Anyway, the 2nd solution required a simple higher-order function that would

we start by modifying the db-injector to create a new instance everytime instead of caching because the cached instance won't exist anymore and will give you a unusable knex connection or no connection at all. Let's do that first.

utils/db-injector.js

const dbConfig = require('knexfile')
const knex = require('knex')

let connection

export const getDatabaseConnector = () => {
  return () => {
    const configByEnvironment = dbConfig[process.env.NODE_ENV || 'development']
    if (!configByEnvironment) {
      throw new Error(
        `Failed to get knex configuration for env:${process.env.NODE_ENV}`
      )
    }
    connection = knex(configByEnvironment)
    return connection
  }
}

We now have a new connection on every request, let's write the higher-order function so it can destroy the connection and let the DB of the connection misery.

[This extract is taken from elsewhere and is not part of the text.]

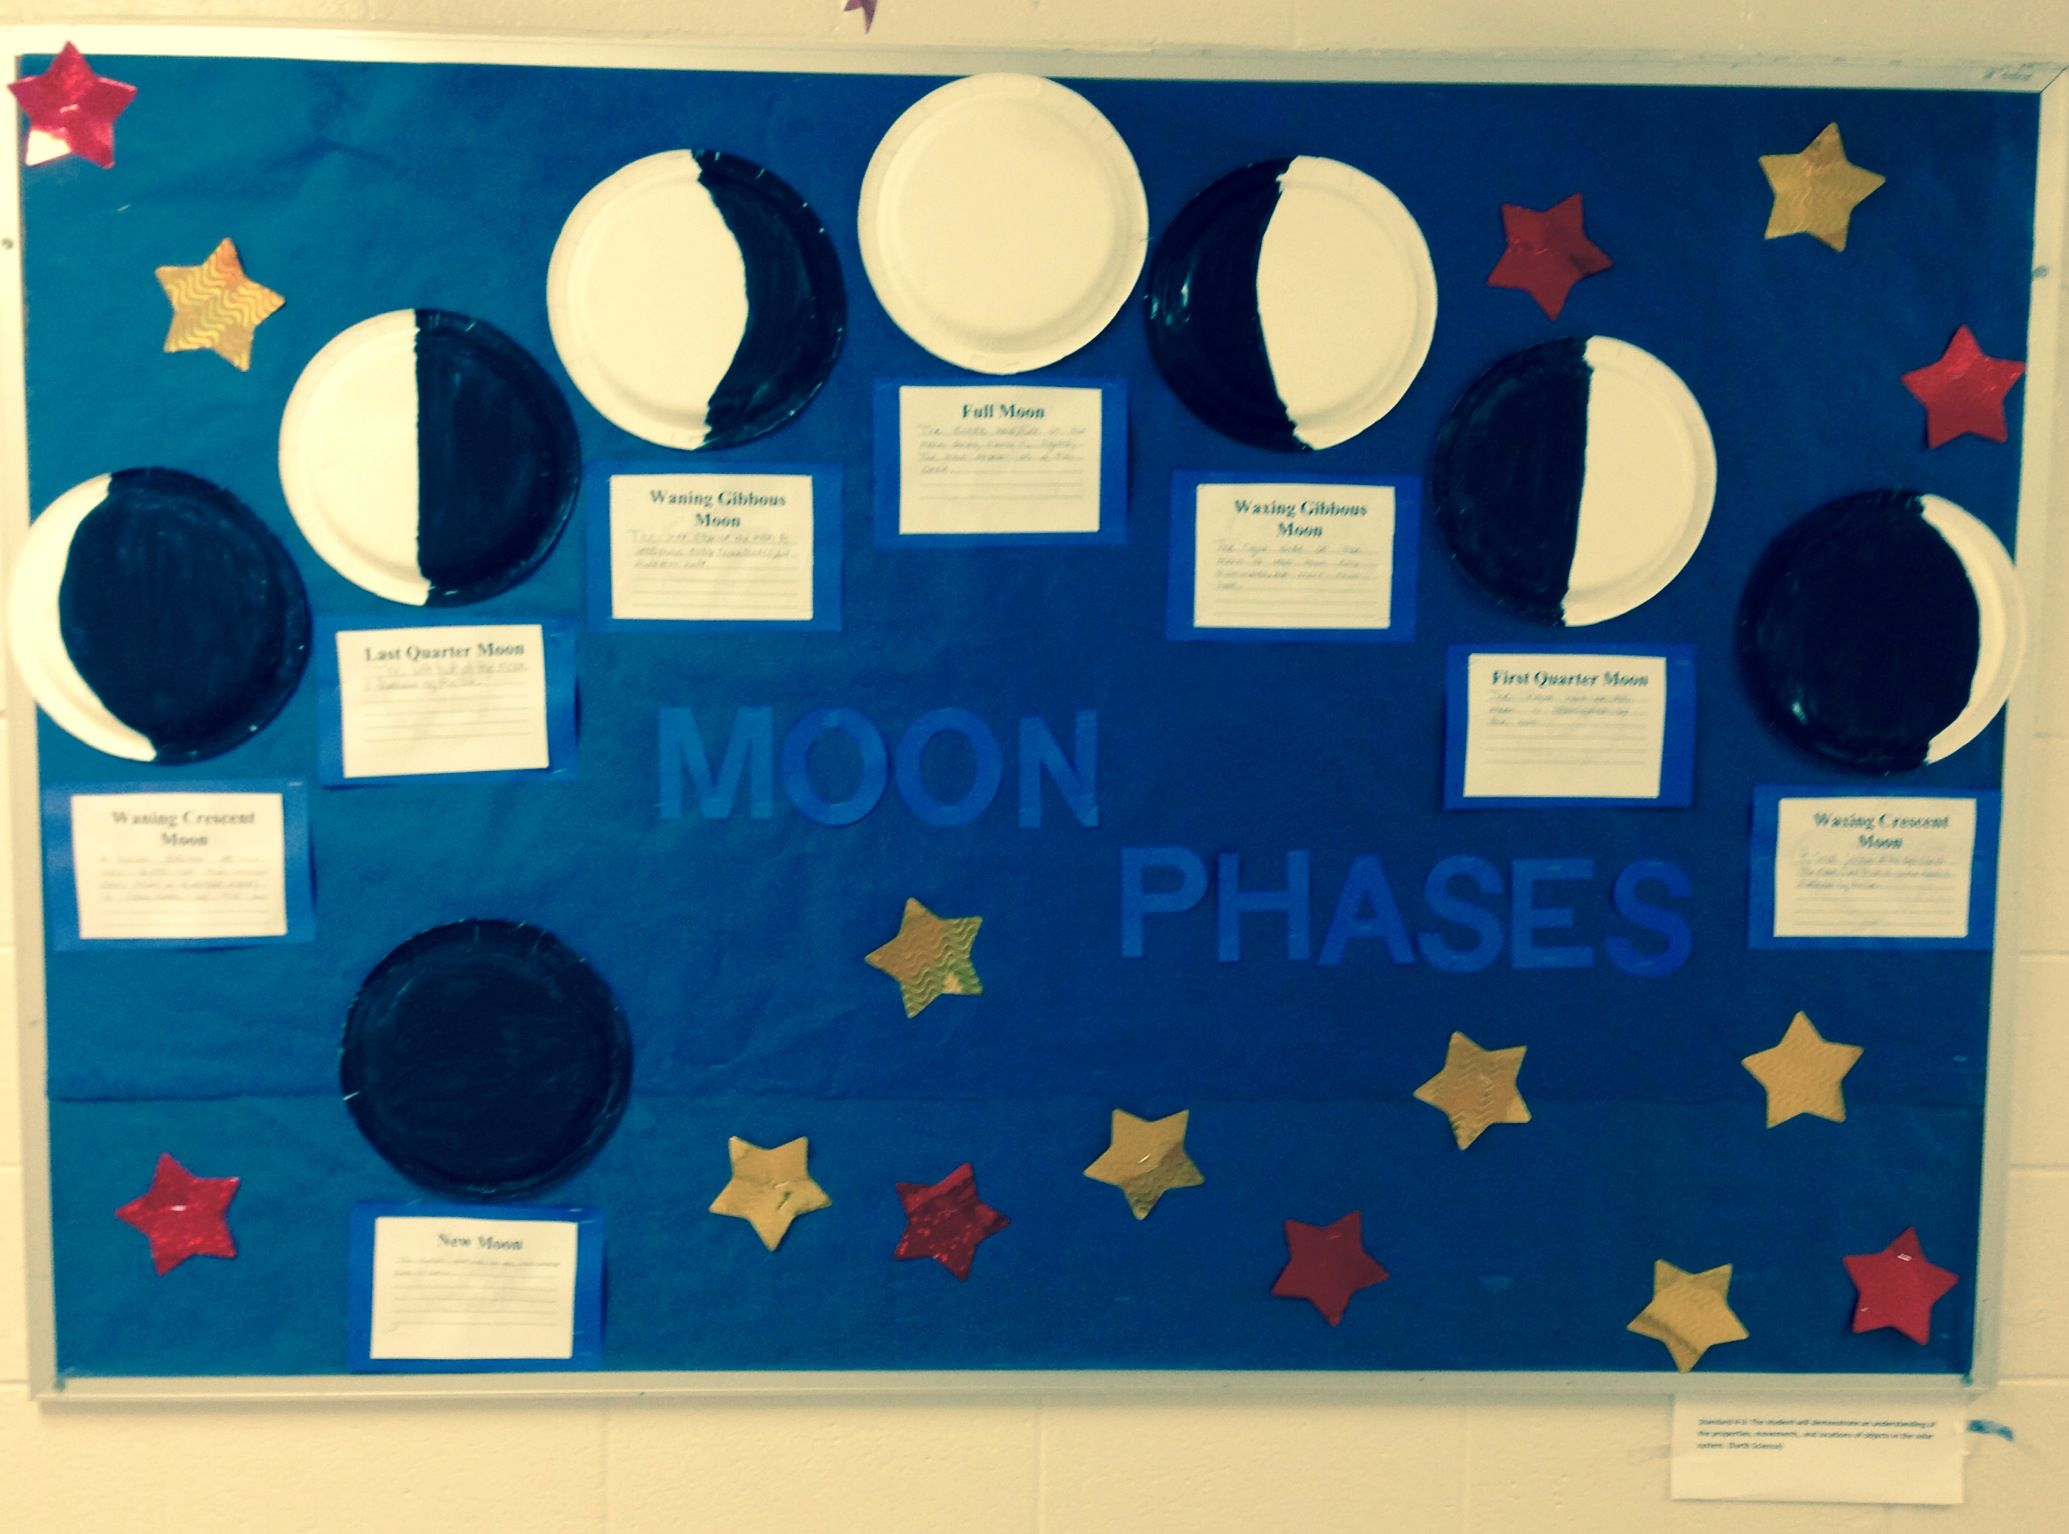 My Moon Phases Bulletin Board

The higher-order function as said, is going to be very simple, it's just taking in the handler , waiting for it to complete the request and then we destroy it.

connection-handler.js

import { getDatabaseConnector } from 'utils/db-injector'
const connector = getDatabaseConnector()

export default (...args) => {
  return fn => async (req, res) => {
    req.db = connector()
    await fn(req, res)
    await req.db.destroy()
  }
}

Why do I pass in req.db?, reason being that if the handler keeps importing the db , the higher-order function has no way to destroy the exact instance, and hence we init the db instance and destroy the instance here. It's a simple form of self-cleaning.

pages/api/user/index.js

import connectionHandler from 'connection-handler'

const handler = async (req, res) => {
  try {
    if (req.method === 'GET') {
      const { currentUser } = req
      const data = await req
        .db('users')
        .leftJoin('profiles as profile', 'users.id', 'profile.user_id')
        .where('users.id', currentUser.id)
        .select(
          'profile.name as profileName',
          'profile.id as profileId',
          'users.id ',
          'users.email'
        )
      return Response(200, data[0], res)
    } else {
      return res.status(404).end()
    }
  } catch (err) {
    return res.status(500).send({ error: 'Oops! Something went wrong!' })
  }
}

export default connectionHandler()(handler)

And finally, I'm showing a generic Next.js handler here instead of the full fledged controller like in the example above, since the higher-order function is going to be added in here and not in the controllers. So the only modification you'll have to do to all the route handlers is , instead of exporting the handlers directly, export a version wrapped in a higher-order function.